A different type of conflict can occur between nuclear and cytoplasmic genes, arising because the latter are usually only transmitted maternally. Cytoplasmic outlaws exploit this fact to gain a transmission advantage for themselves at the expense of the nuclear genes. For example, in many angiosperm species, mitochondrial genes suppress male function—a phenomenon known as 'cytoplasmic male sterility'. The advantage to the mitochondrial gene is clear—it is transmitted in ovules but not pollen, so gains if the plant devotes more resources to making the former (Maynard Smith and Szathmary 1995). Nuclear genes do not benefit from male sterility, since they are transmitted in pollen, so are selected to suppress the effects of the mitochondrial gene, that is, to restore male sexual function. Other forms of cytoplasmic outlawry include converting males into females, and male killing (Hurst et al. 1996).
Though uniparental inheritance ofcytoplasmic genes leads to conflict over the sex ratio, many theorists believe that uniparental inheritance is itself an adaptation for eliminating another source of conflict (Hoekstra 1990; Hurst and Hamilton 1992). If mitochondria were biparentally inherited, then a mutant mitochondrian that abandoned normal cellular function for faster replication could gain access to the gametes and spread. Uniparental inheritance greatly reduces this problem, by ensuring that all the mitochondria in a cell are genetically similar, and making it easier for selection to weed out mutants. Thus the integrity of the whole is preserved by reducing the variance, hence opportunity for selection, among the parts. Ironically, uniparental inheritance eliminates one source of conflict—between variants in the cytoplasm—but creates another—between nuclear and cytoplasmic genes.
This brief survey of SGEs highlights a number of important points. The first is the importance of transmission asymmetry, which itself derives from sexual reproduction, in facilitating selection at the genic level. The second is that the 'interests' of different genetic elements converge to the extent that they are transmitted similarly, and diverge to the extent that they are transmitted dissimilarly. The third is the pervasive within-organism conflict to which outlaws give rise. Leigh (1977) observed that outlaws will typically be 'outnumbered' by the rest of the genome, so their effects will tend to be suppressed by the majority. This explains why organisms usually function as cohesive wholes despite the potential for conflict among their constituent genetic units. That is, genic selection may be relatively infrequent today precisely because organisms have evolved means to suppress it.
There is a minor irony lurking here.

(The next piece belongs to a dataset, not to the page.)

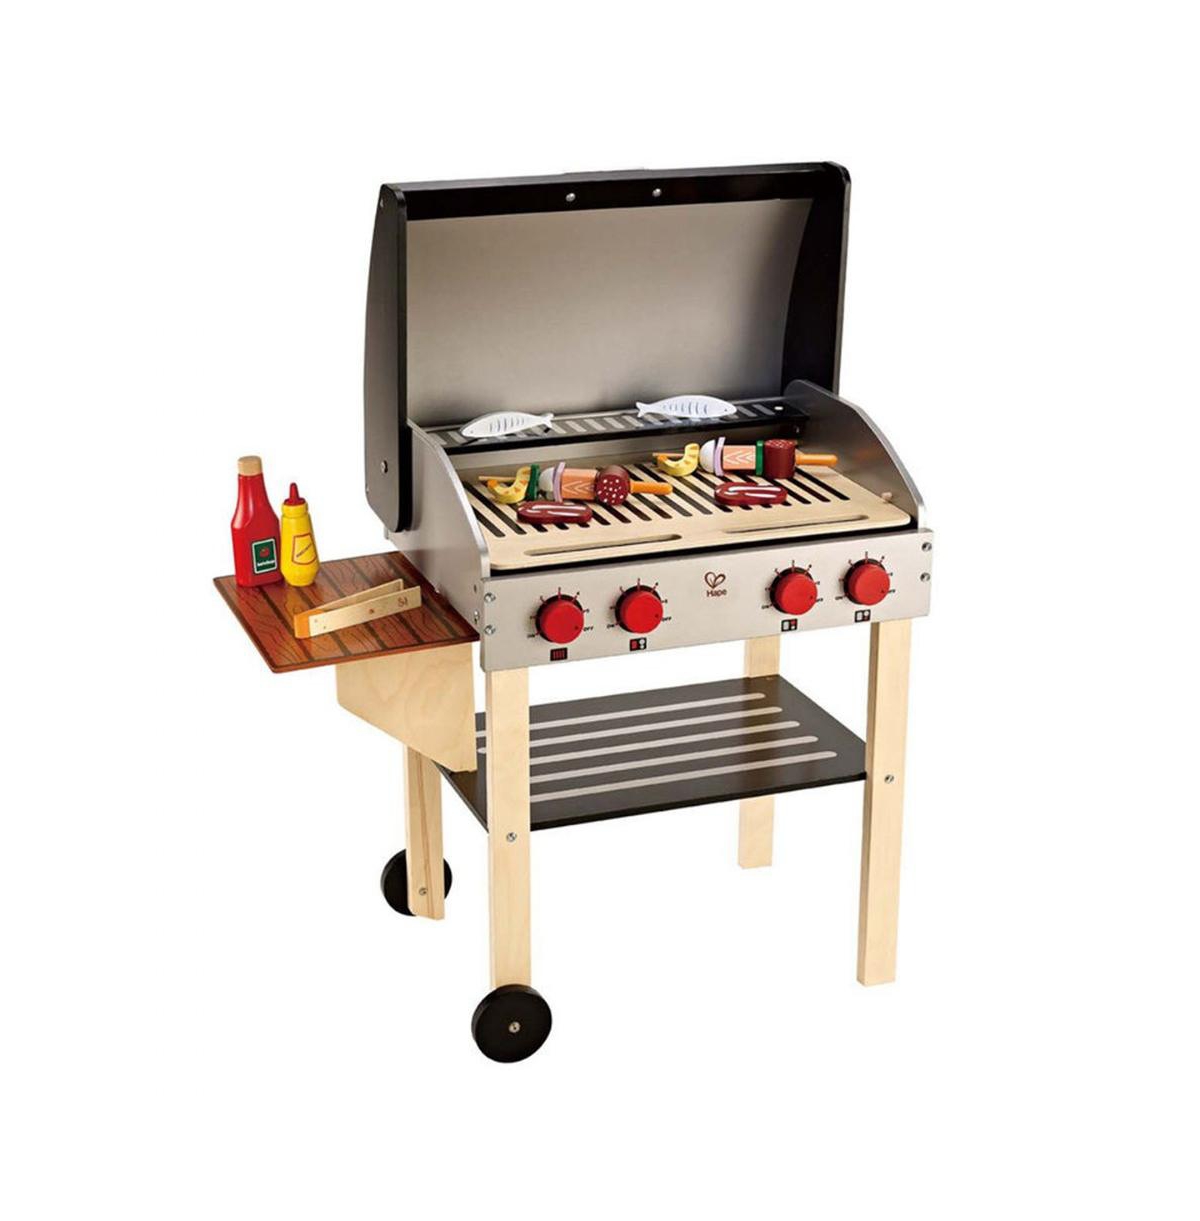 Hape Kids' Wooden Gourmet Grill And Shish Kabob Play Kitchen In Multicolored

Outlaws are often regarded as the ultimate vindication of the gene's-eye approach, proof that the traditional organism-first paradigm cannot be sustained. There is something to this view. Although the origins of gene's-eye thinking lie in kin selection theory, which does not involve outlaws or genic selection, the gene's-eye perspective provides a framework into which outlaws fit easily. Indeed without that framework, it is hard to see how evolutionary theory could begin to make sense of outlaws. On the other hand, multi-level selection theory, which is sometimes regarded as the antithesis of gene's-eye thinking, is also crucial to understanding outlaws and genetic conflicts. The idea that a genome is a collective of genes with partially overlapping interests, that internal competition must be suppressed if the collective is to function as a whole, that selection at the collective level will favour such suppression, and that reducing the variation among the parts is one way to achieve it, are all themes from multi-level selection theory. Therefore, the gene's-eye and multi-level approaches are both needed to understand genomic organization; the two approaches are complementary, not antithetical.

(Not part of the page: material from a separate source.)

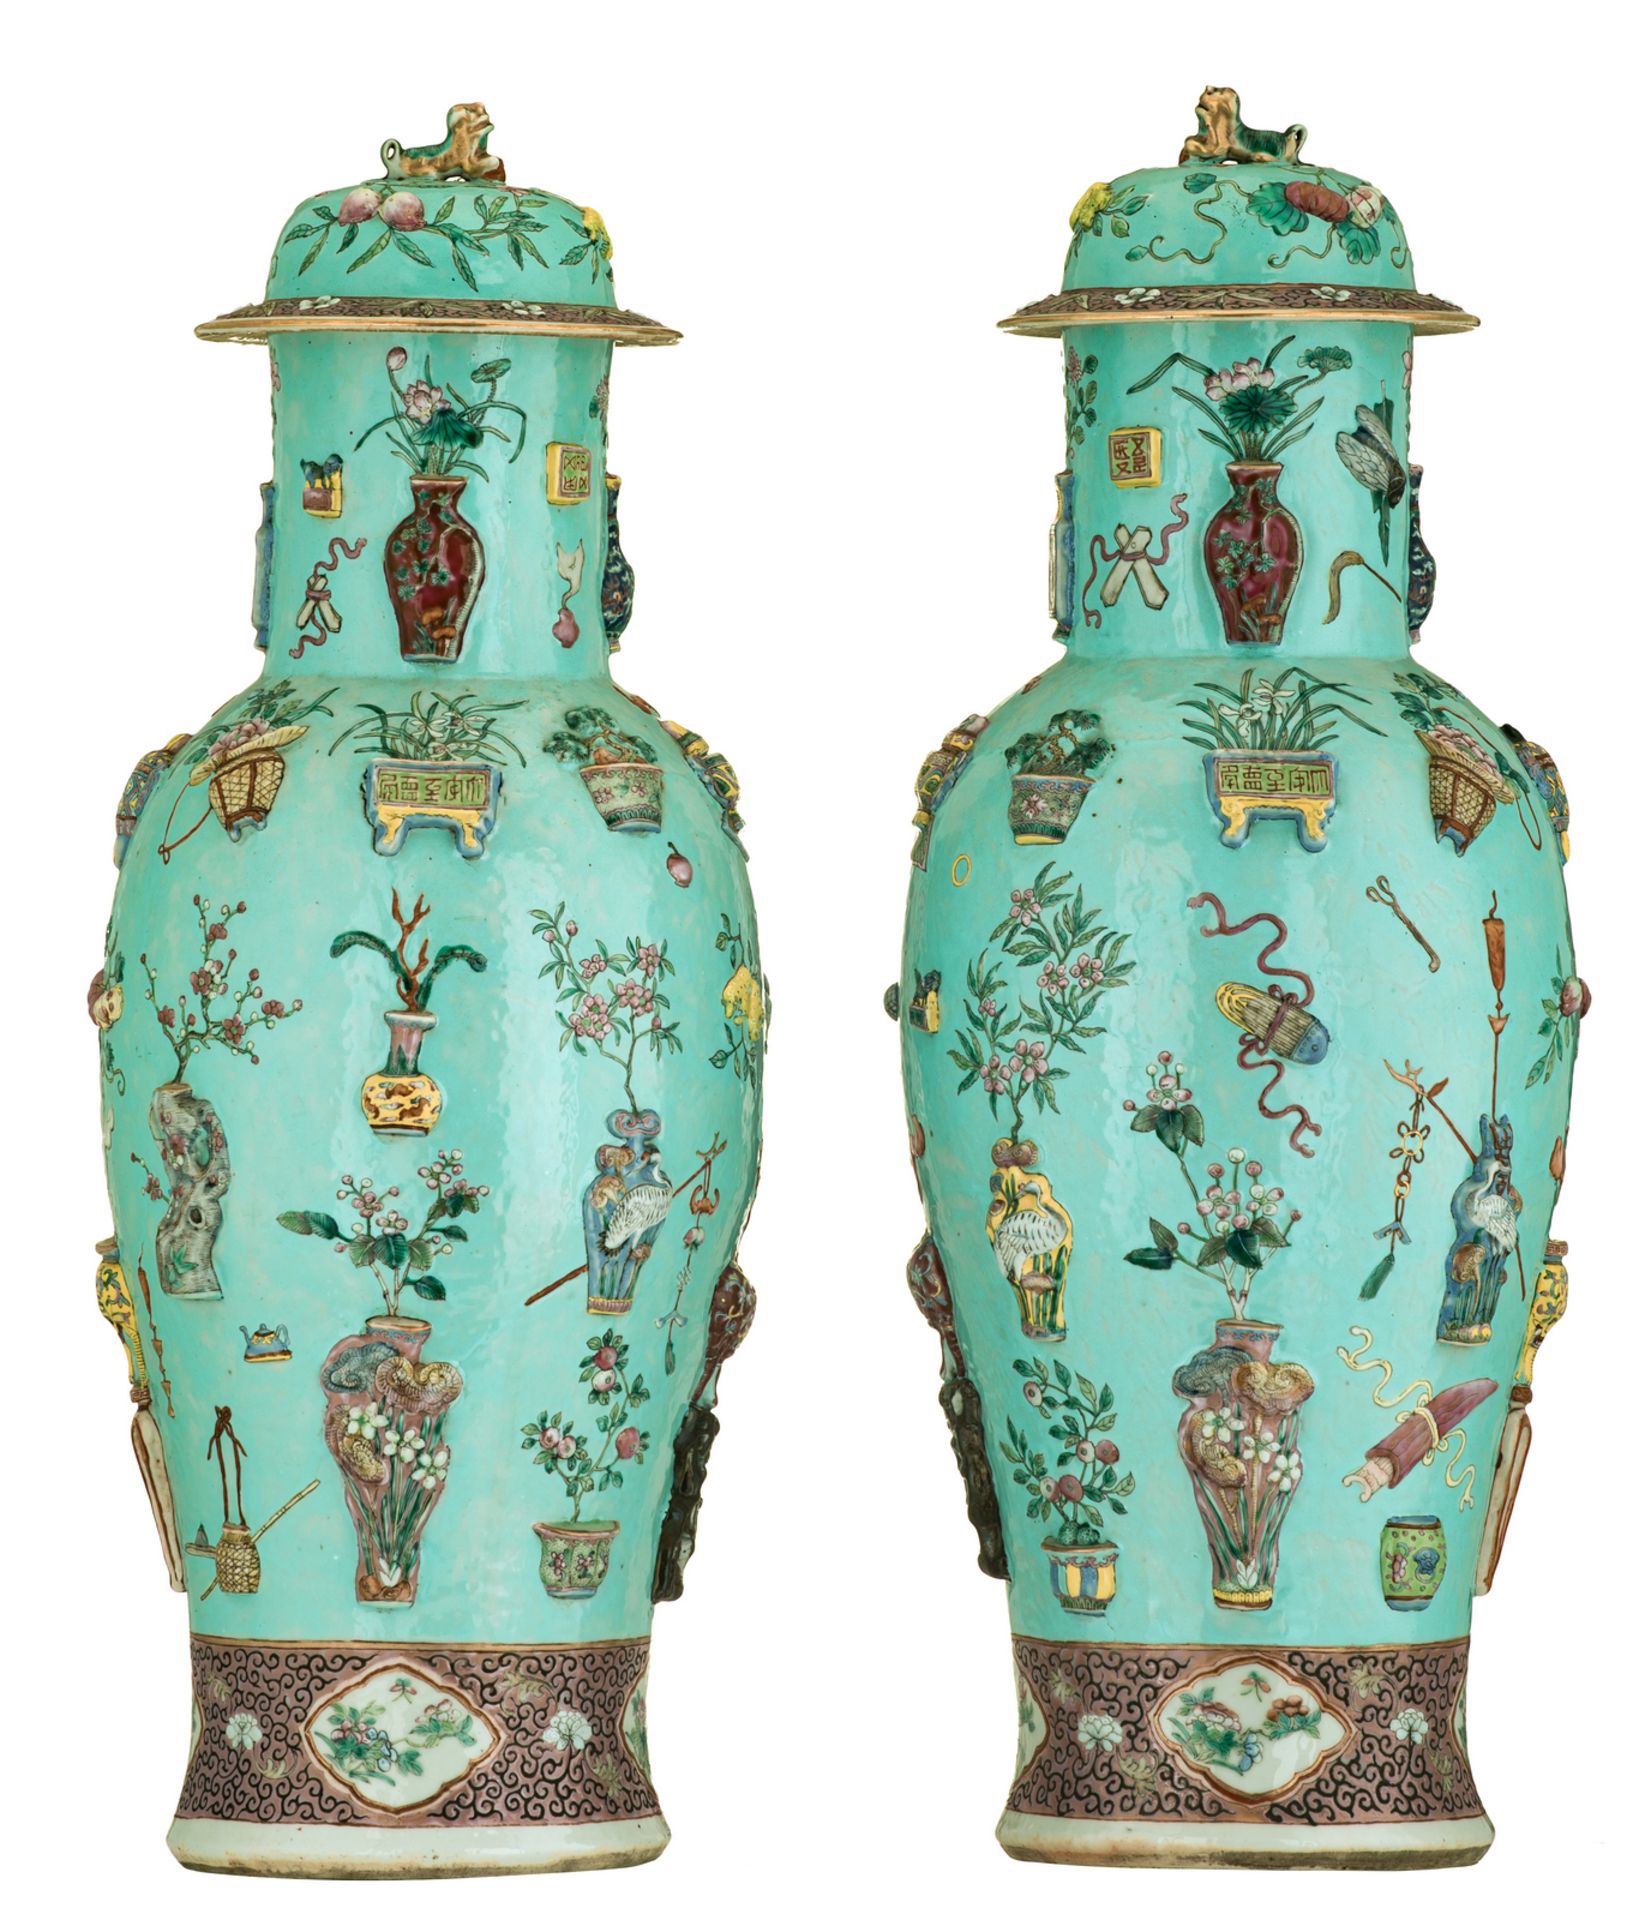 A fine pair of Chinese turquoise ground famille rose vases and covers, relief moulded with

5.4 PRICE'S EQUATION VERSUS CONTEXTUAL ANALYSIS REVISITED
Above we discussed how a one-locus population genetics model can be regarded as a multi-level system of the MLS1 type. The Price approach to MLS1 then applies neatly: genic selection operates on fitness differences between genes within organisms, while organismic selection operates on fitness differences between organisms. This implies that genic selection occurs if segregation in the AB heterozygote is distorted, that is, if there is meiotic drive. Since this corresponds to one standard conception of what 'genic selection' means, it is a point in favour of the Price approach.
However, recall the theoretical flaw with the Price approach discussed in Chapter 3: it fails to deal adequately with cross-level by-products. As we saw, contextual analysis addresses this flaw; it constitutes a rival to the Price approach to MLS1, for it partitions the overall change into two components in a different way. What happens when we apply the contextual approach to diploid population genetics, considered as a multi-level system?
Recall the contextual partition:
Collective-level Particle-level selection selection wAz = p2 Var (Z) + ft Var (z)
where z is particle character, Z is collective character (defined as mean particle character), w is particle fitness, and fii and fa are the partial regressions of w on z and Z respectively. It is perfectly possible to apply this partition, rather than the Price partition, to the diploid population genetics model. But interestingly, doing so produces extremely counterintuitive results.
To see why, consider a situation analogous to the case of pure 'soft selection' discussed in Chapter 3. The three diploid genotypes, AA, AB, and BB, have identical fitnesses, that is, waa = wab = wbb. But there are 'organismic effects' on genic fitness—an A allele in an AA homozygote has lower fitness than an A allele in an AB heterozygote. This means that segregation in the heterozygote is distorted in favour of A. Intuitively, all the selection is at the genic level in this example—for the organisms themselves do not differ in fitness. However, the contextual approach will detect a component of organismic selection, for differences in organismic character will help predict differences in genic fitness, controlling for genic character.7 So in the equation above will be non-zero, indicating selection at the organismic level.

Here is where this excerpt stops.